● **TASK REQUIREMENTS**: The expected output is an exact copy of each line from the line with "Lhistoire Sociale Noir" through the end of the data below, with no pictures in it.

● **STORED DATA**:
● ● ● ● ● ● ●

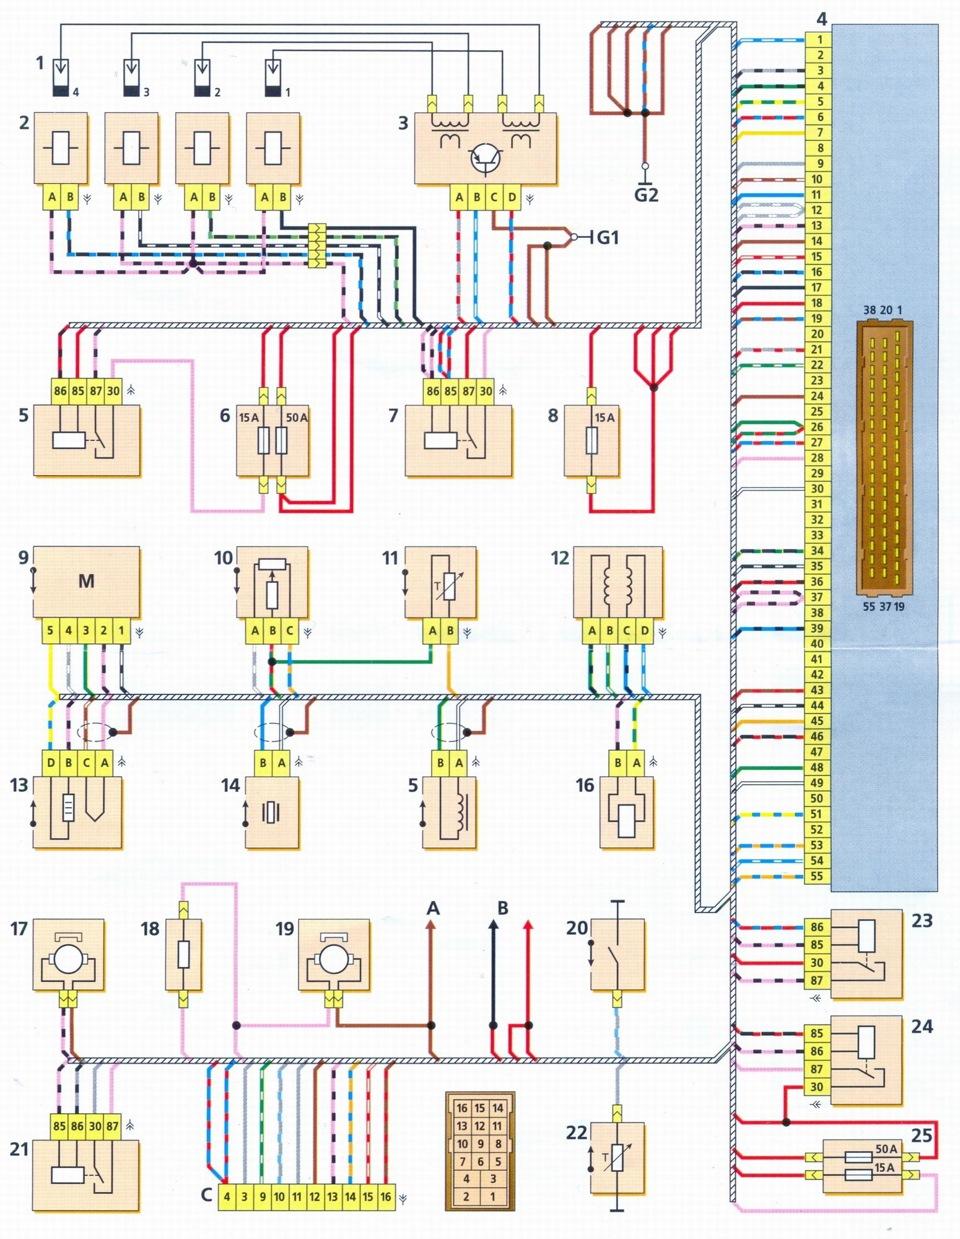 3c1f73cs 960 - Шеви нива электрическая схема
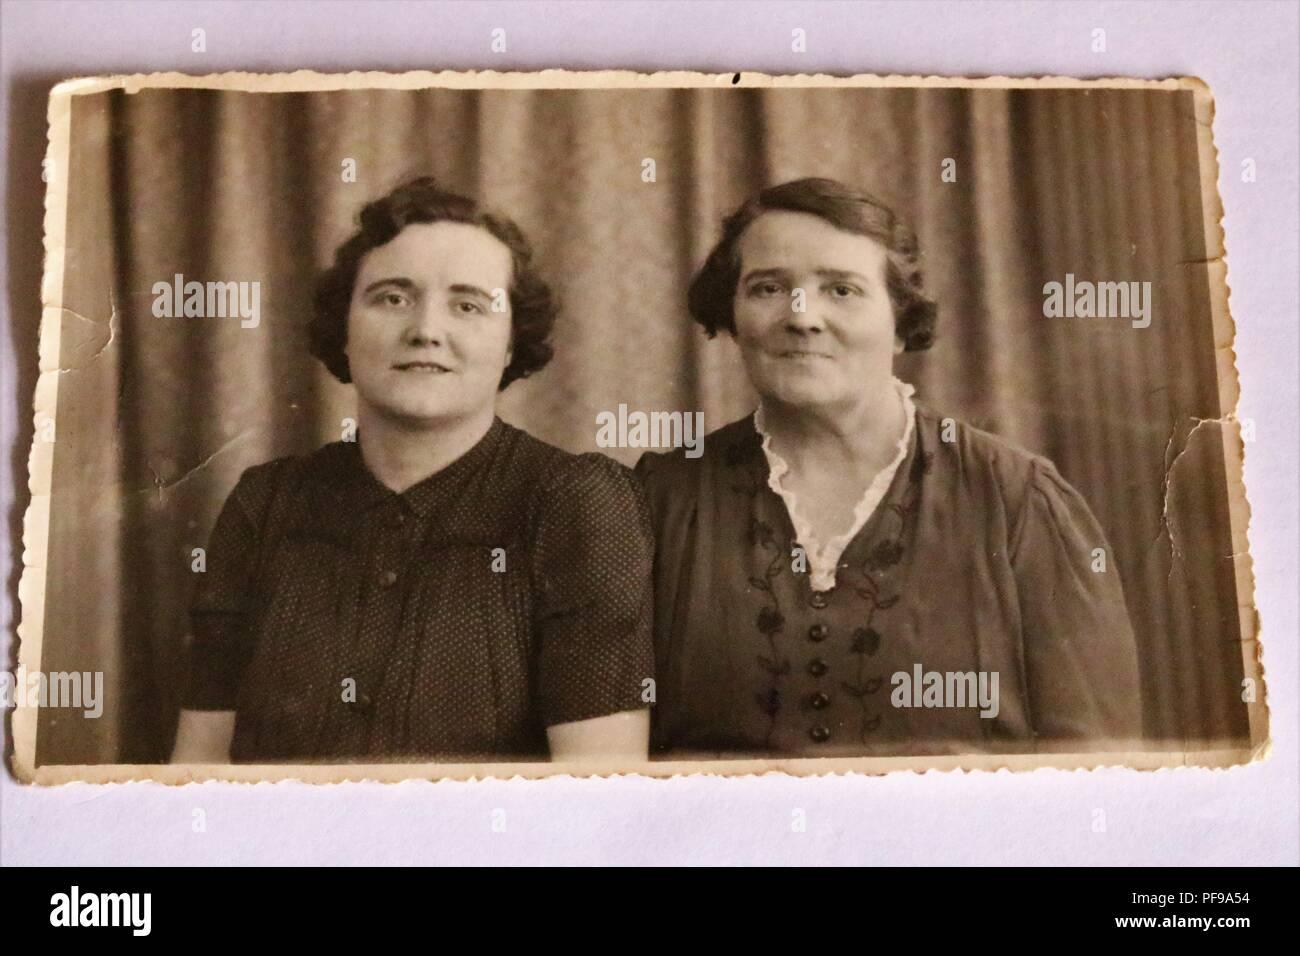 Lhistoire Sociale Noir Et Blanc Photographie Ancienne
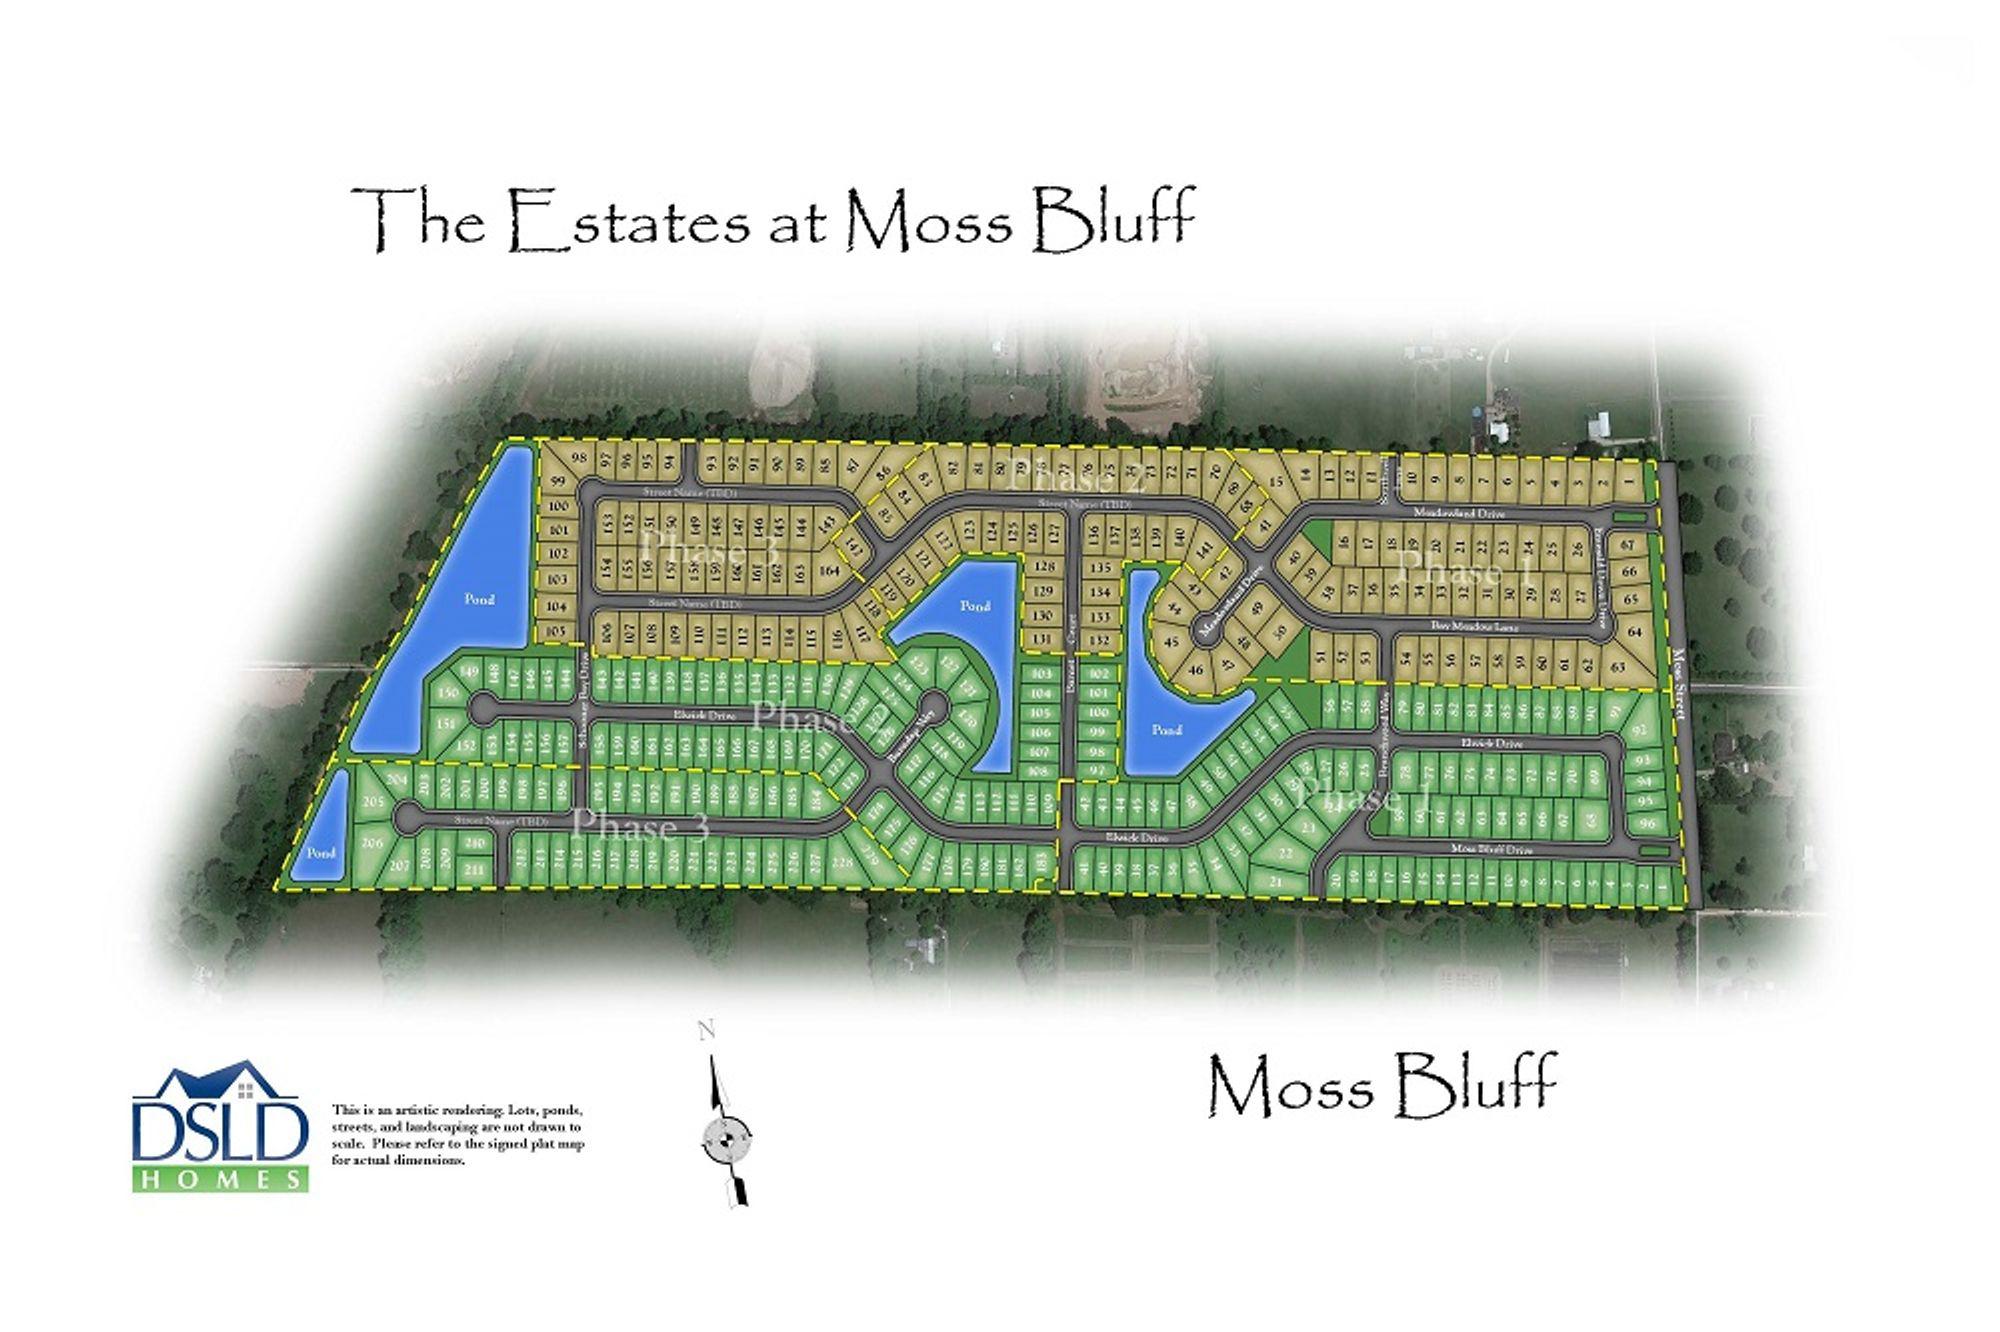 Moss Bluff

● ● ● ● ● ● ●

● **TASK RESULT**:
 Lhistoire Sociale Noir Et Blanc Photographie Ancienne
 Moss Bluff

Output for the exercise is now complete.